** Opening STORED DATA block **
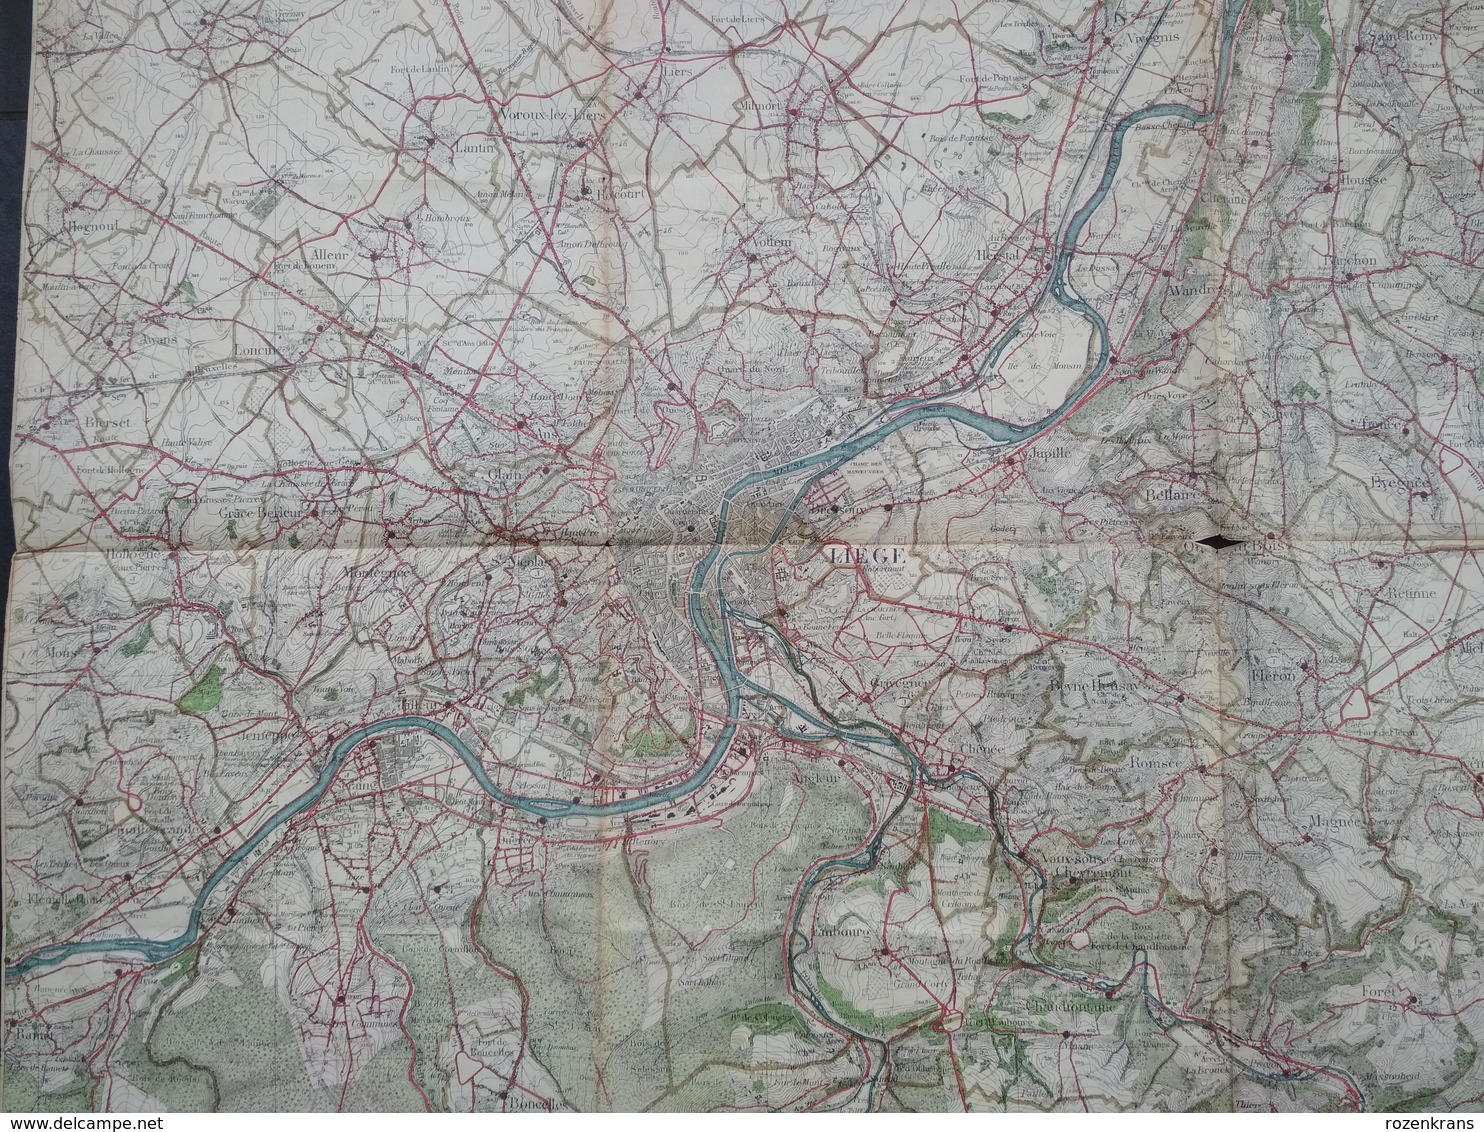 Topografische En Militaire Kaart STAFKAART 1906 Liege Verviers Embourg Herve Alleur Tilleur Jemeppe Ans Herstal - Topographische Karten
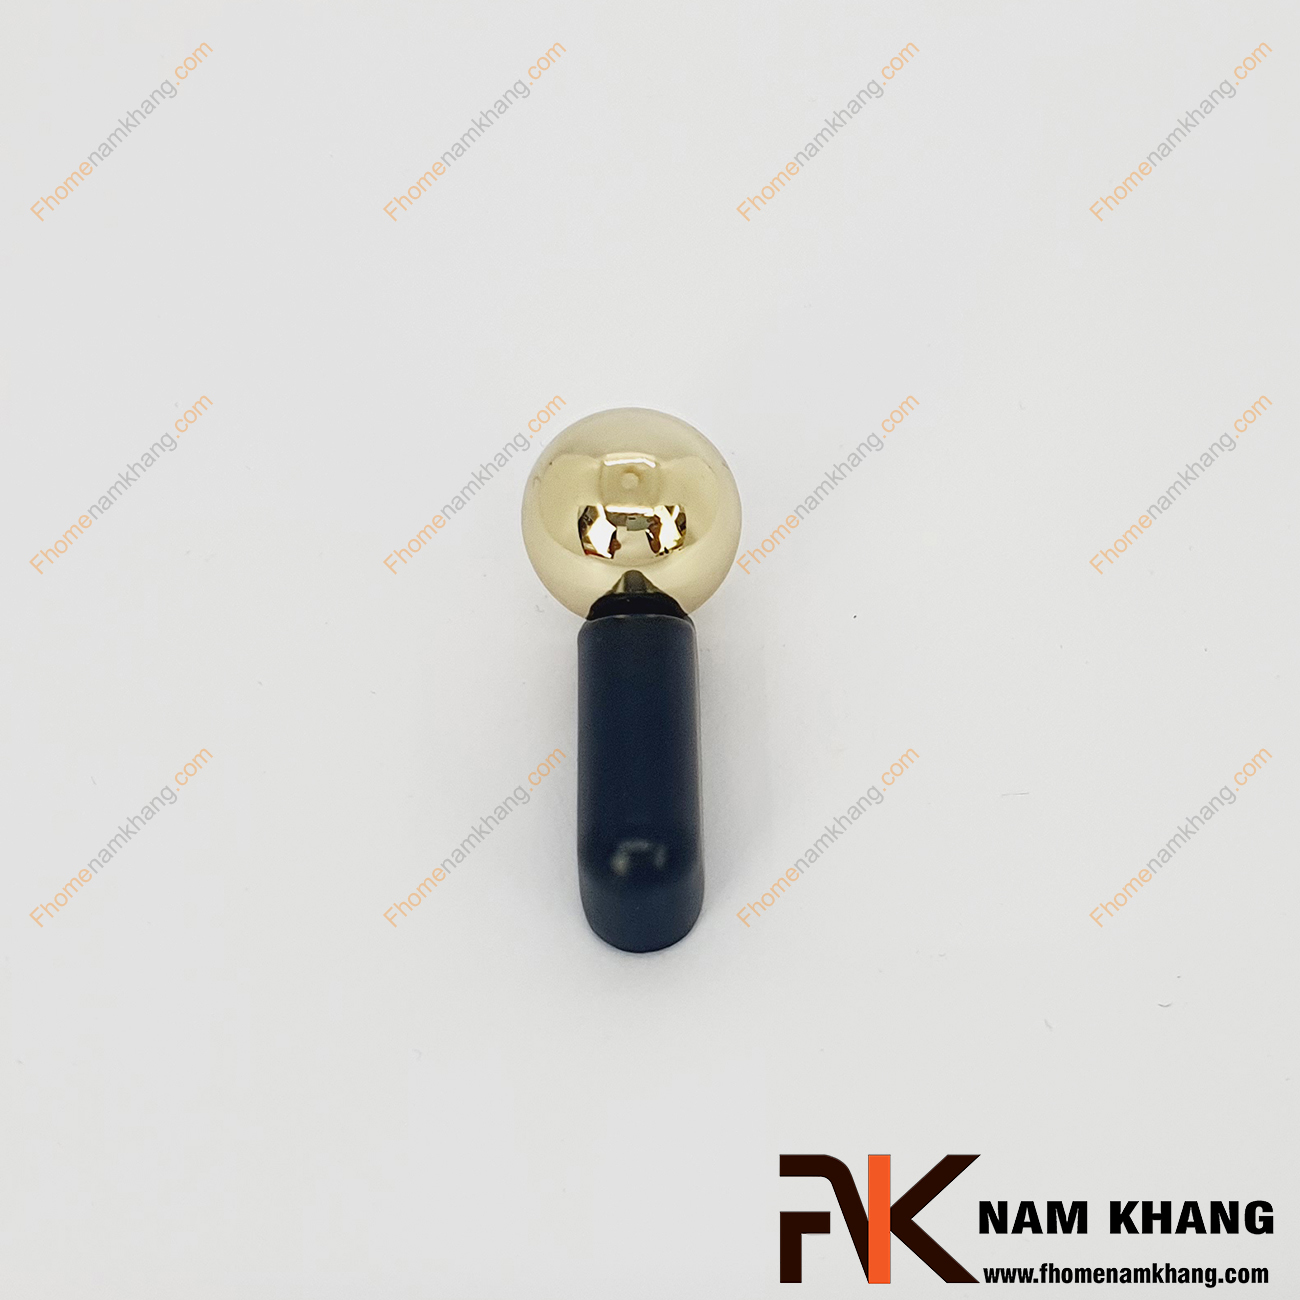 Tay nắm tủ dạng thanh tròn đen phối bi vàng NK393-DV- sản phẩm tay nắm tủ dạng lắp ghép từ 2 phần thanh tròn và viên bi cầu độc đáo
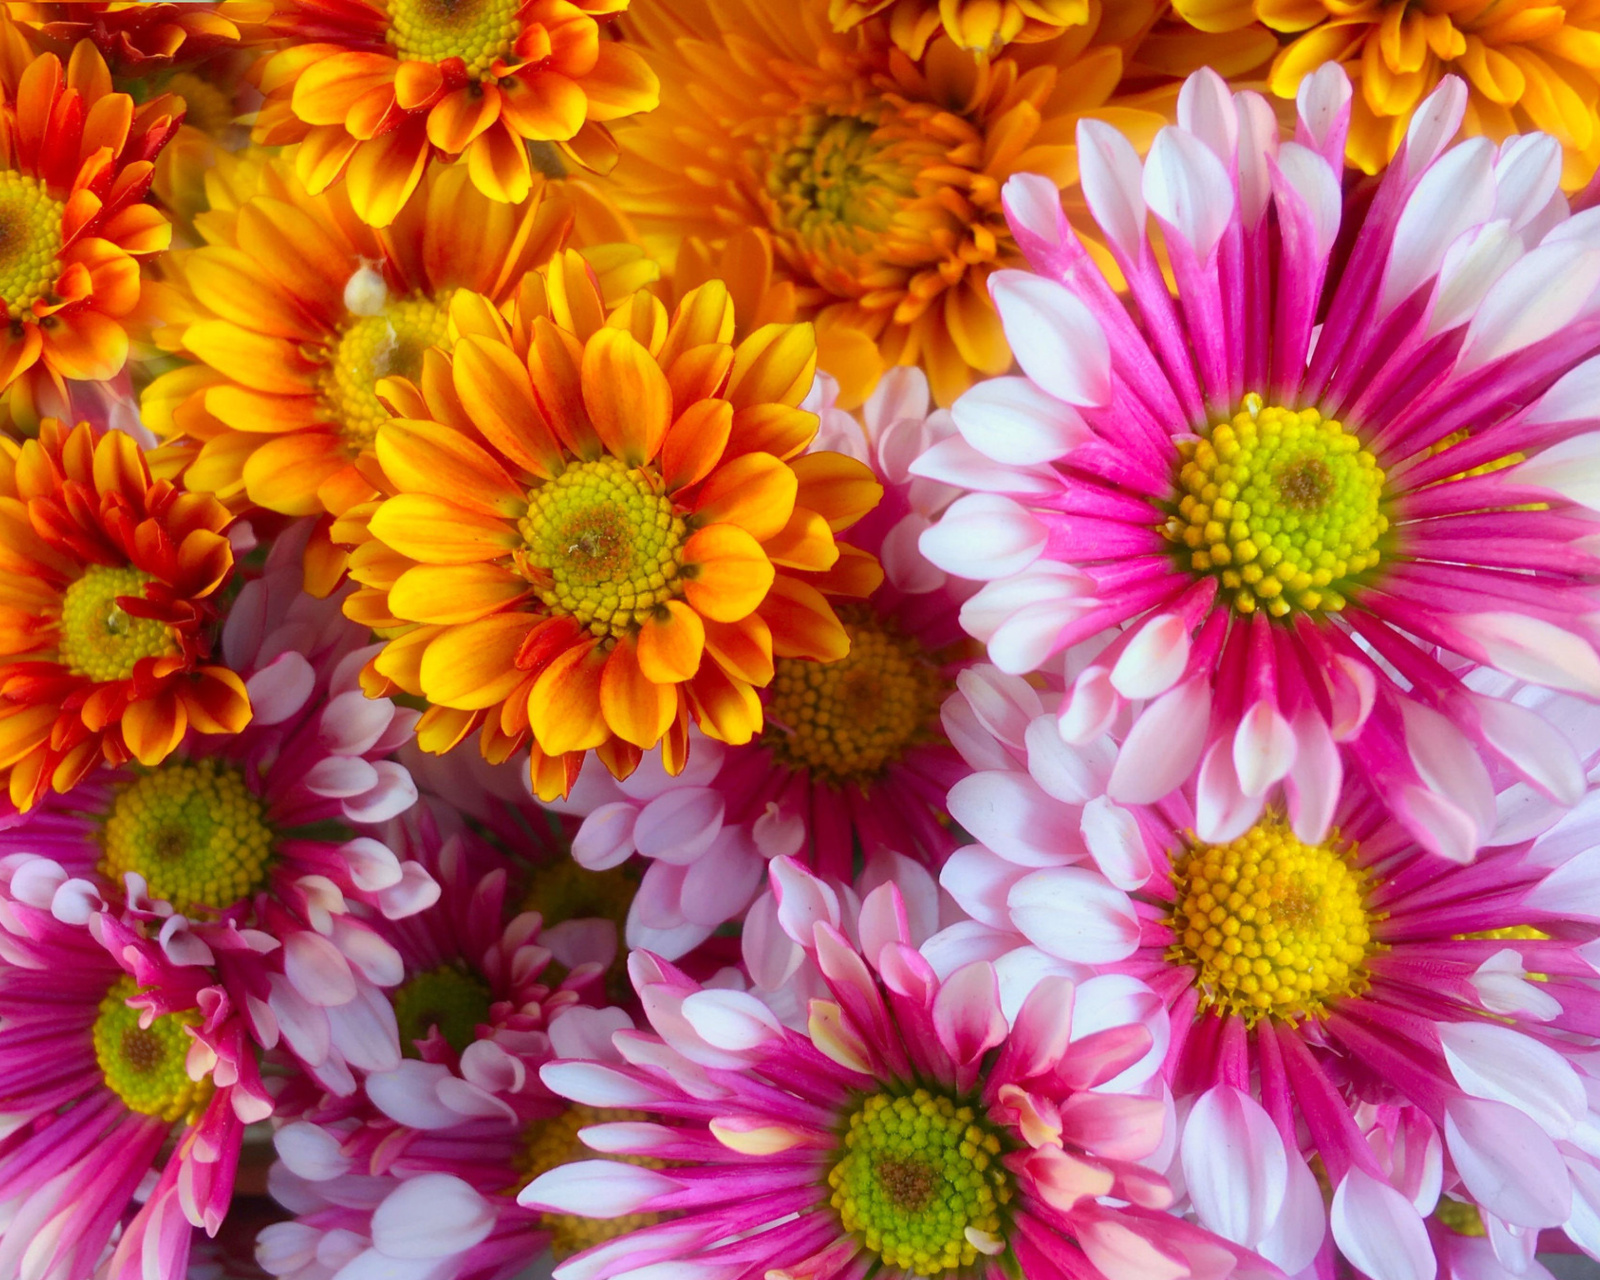 Chrysanthemum bouquet screenshot #1 1600x1280
** Closing STORED DATA block **
**REQUIREMENT**
Any picture in the listing is to be omitted. Return exactly the lines from the one containing "Tay nắm tủ dạng thanh" through its last line, both included, and only those.

**RESULT FOR THIS EXERCISE**
 Tay nắm tủ dạng thanh tròn đen phối bi vàng NK393-DV- sản phẩm tay nắm tủ dạng lắp ghép từ 2 phần thanh tròn và viên bi cầu độc đáo
 Chrysanthemum bouquet screenshot #1 1600x1280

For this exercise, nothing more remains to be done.